Segment Open
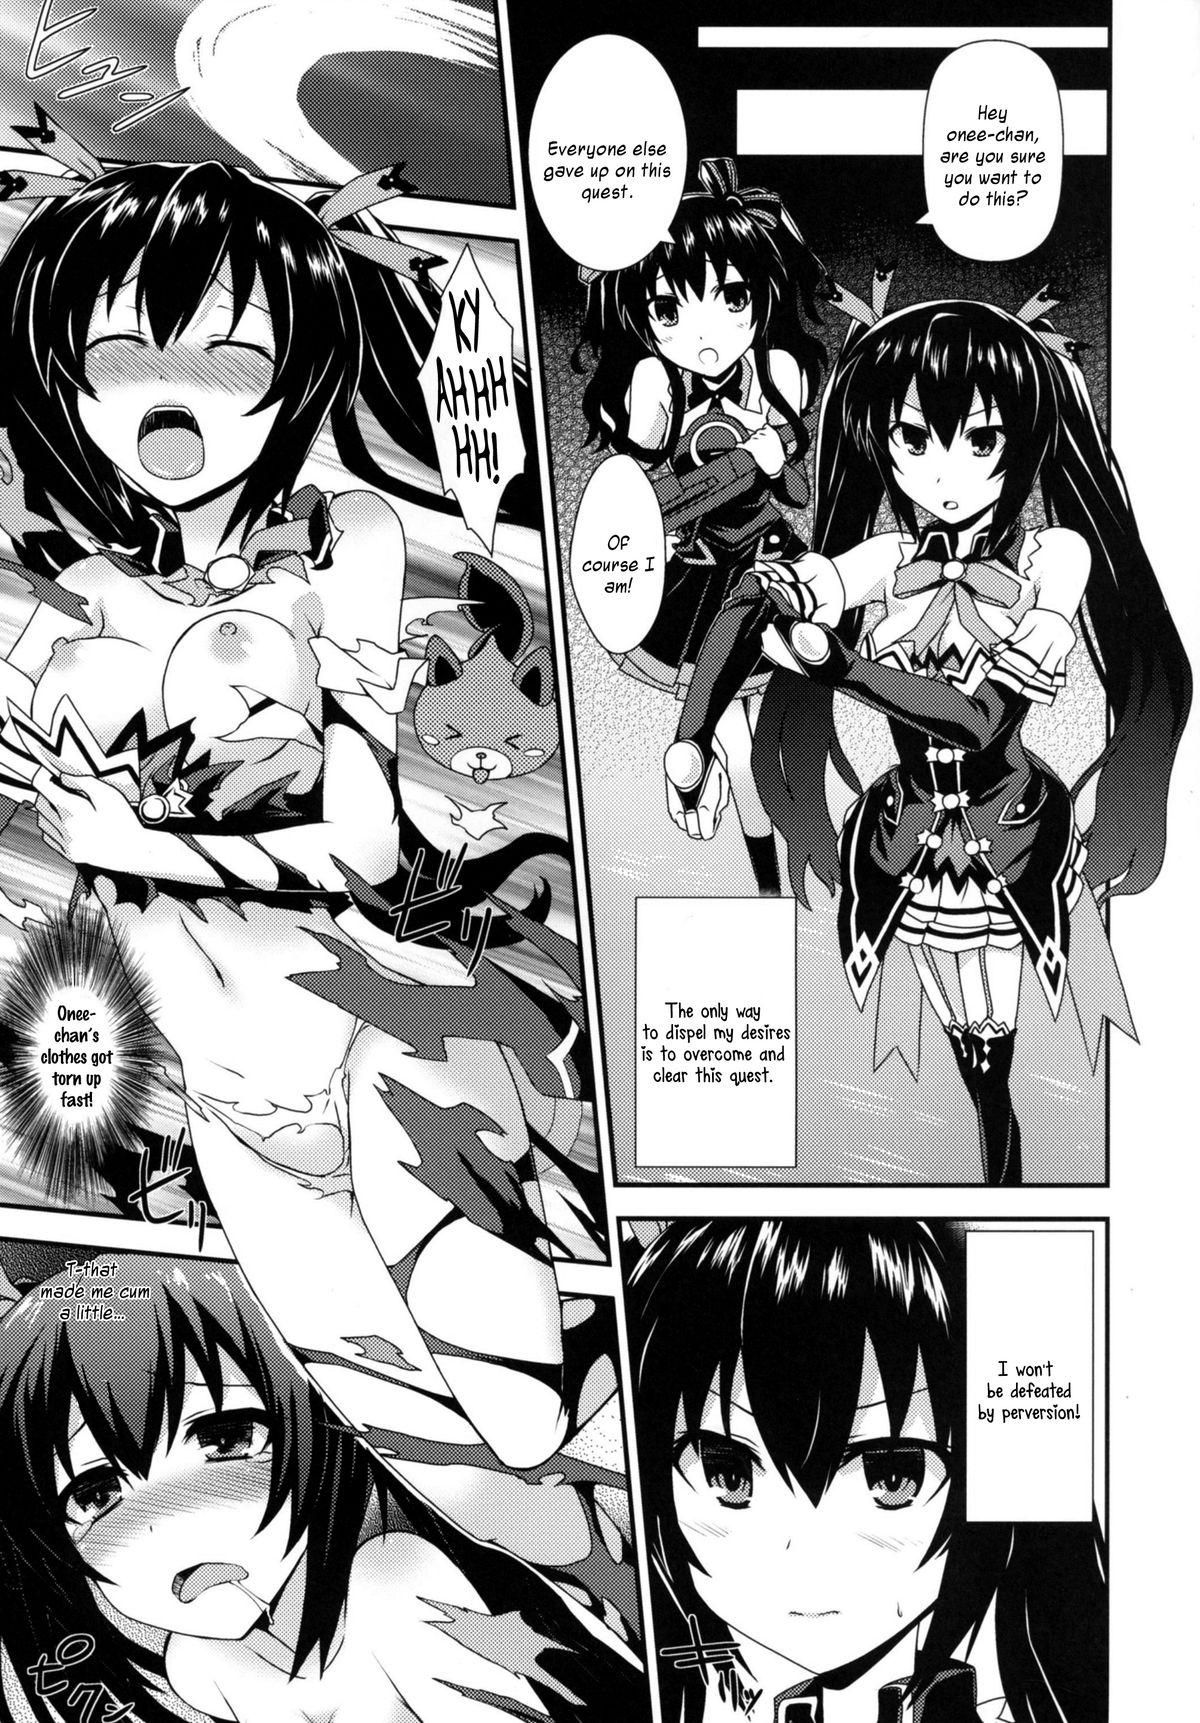 Mouth Inyoku no Sustain - Sustain of Lust - Hyperdimension neptunia Taiwan - Page 6
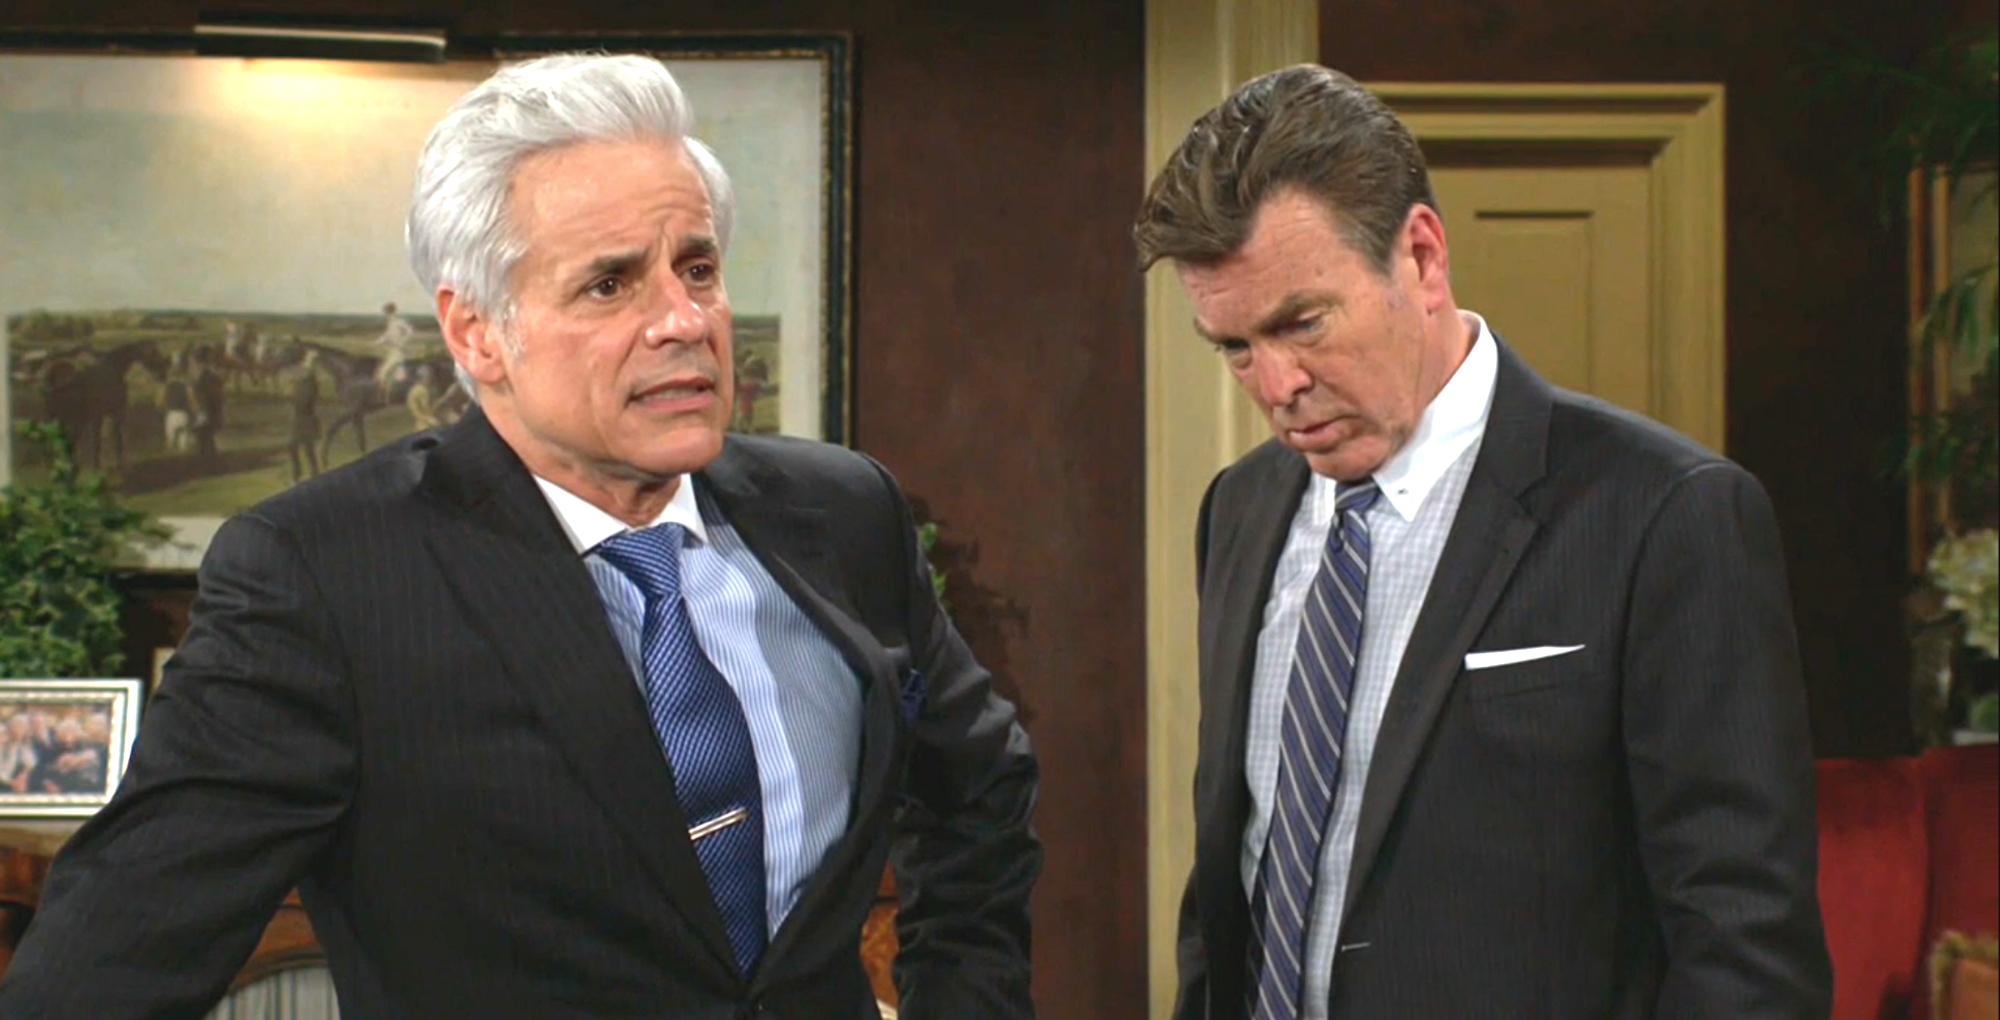 michael baldwin and jack at the abbott home in the young and the restless recap for may 12, 2023.
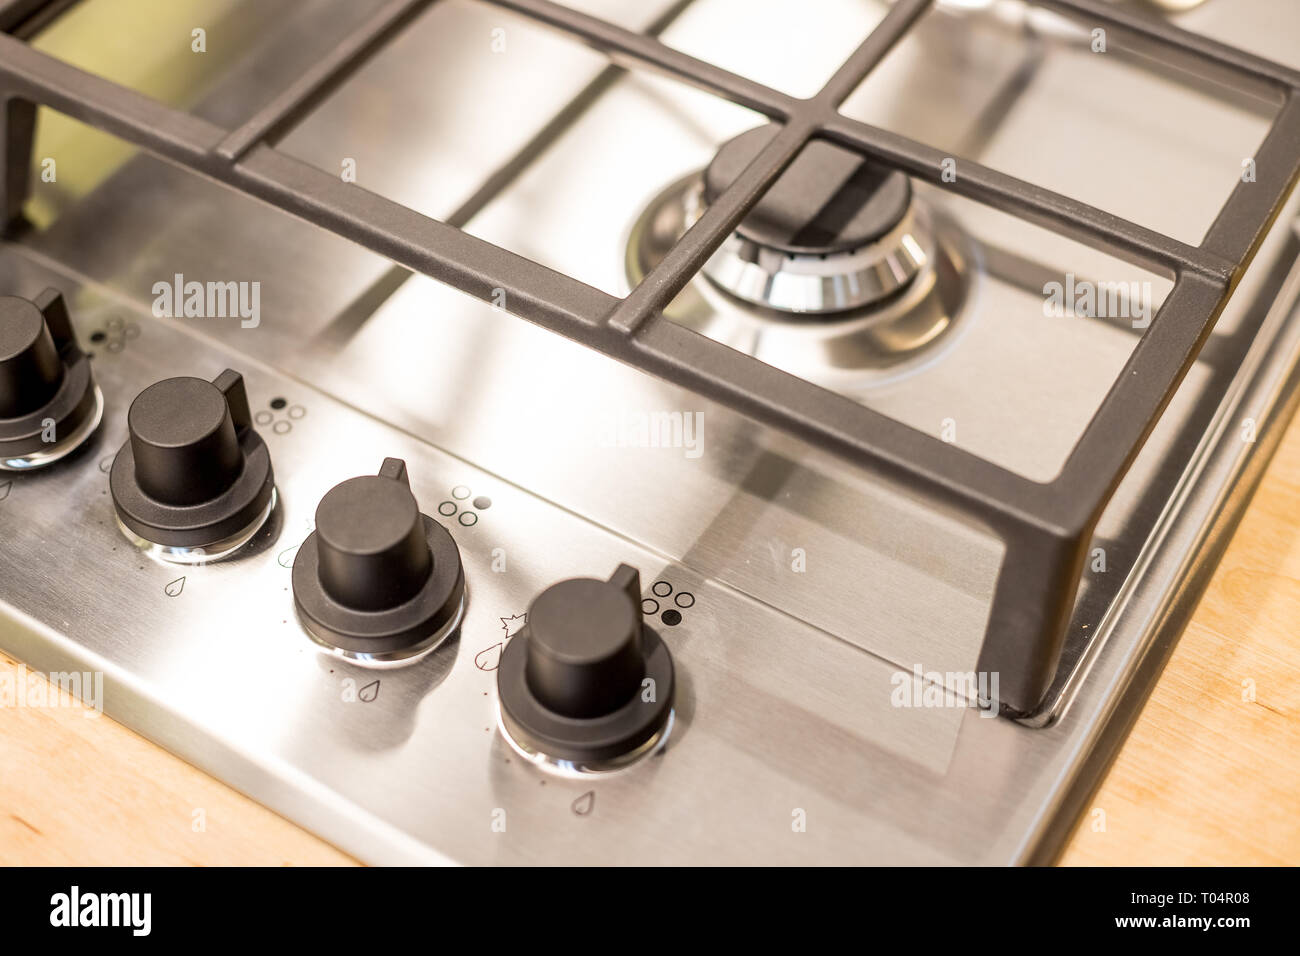 Cooker Element High Resolution Stock Photography and Images - Alamy
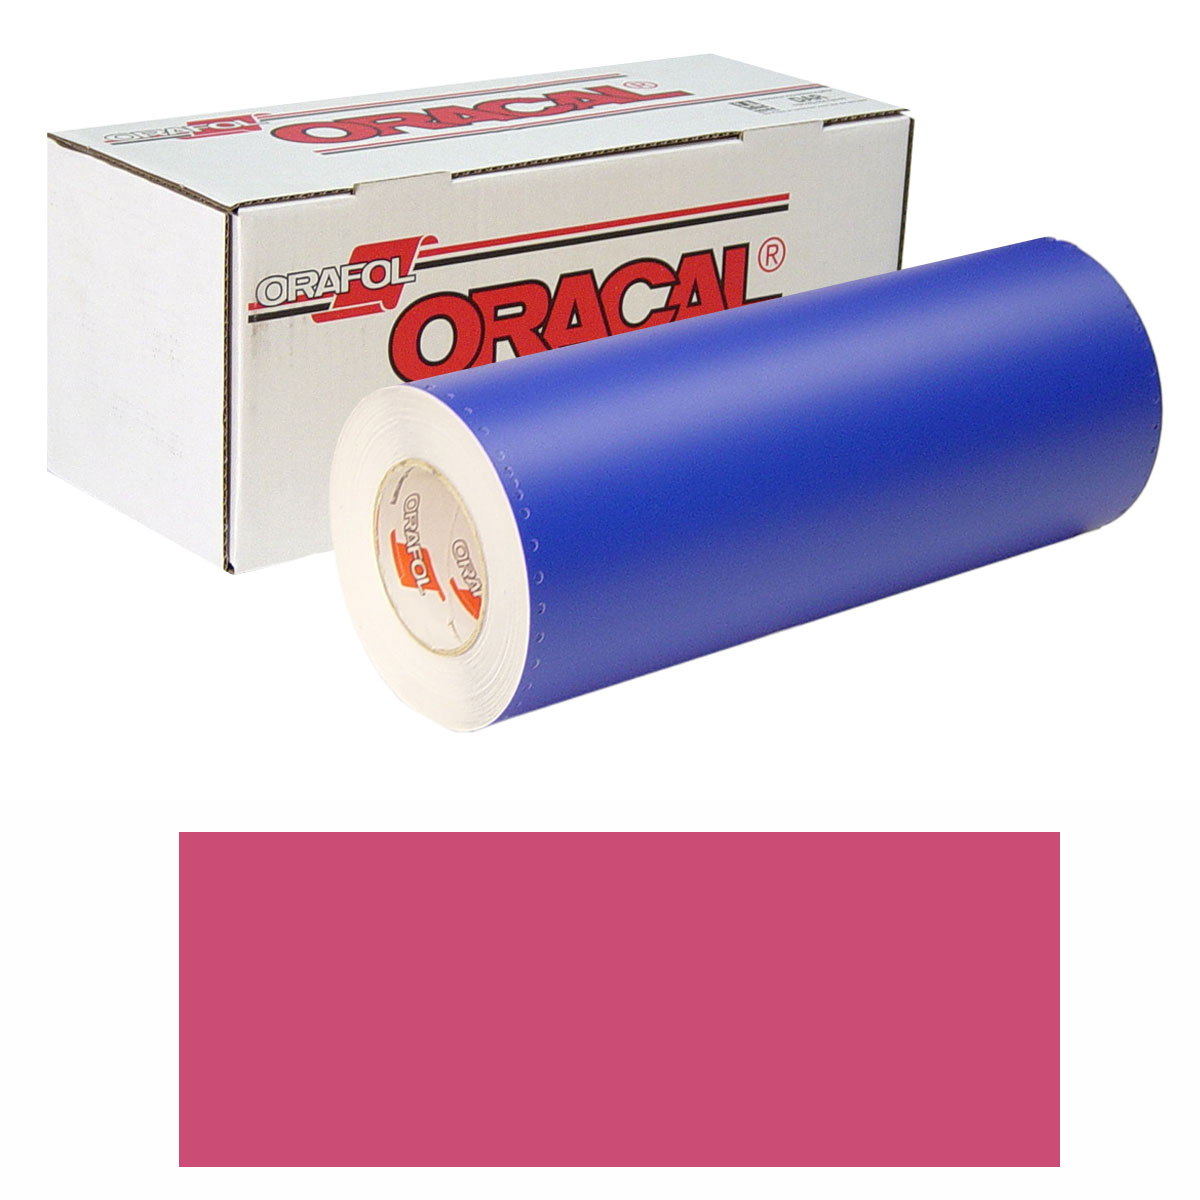 ORACAL 8300 15in X 50yd 031 Red
Segment Closed
# [What to do]
Print all the material above exactly, and drop the images.

# [Response]
 Mouth Inyoku no Sustain - Sustain of Lust - Hyperdimension neptunia Taiwan - Page 6
 michael baldwin and jack at the abbott home in the young and the restless recap for may 12, 2023.
 Cooker Element High Resolution Stock Photography and Images - Alamy
 ORACAL 8300 15in X 50yd 031 Red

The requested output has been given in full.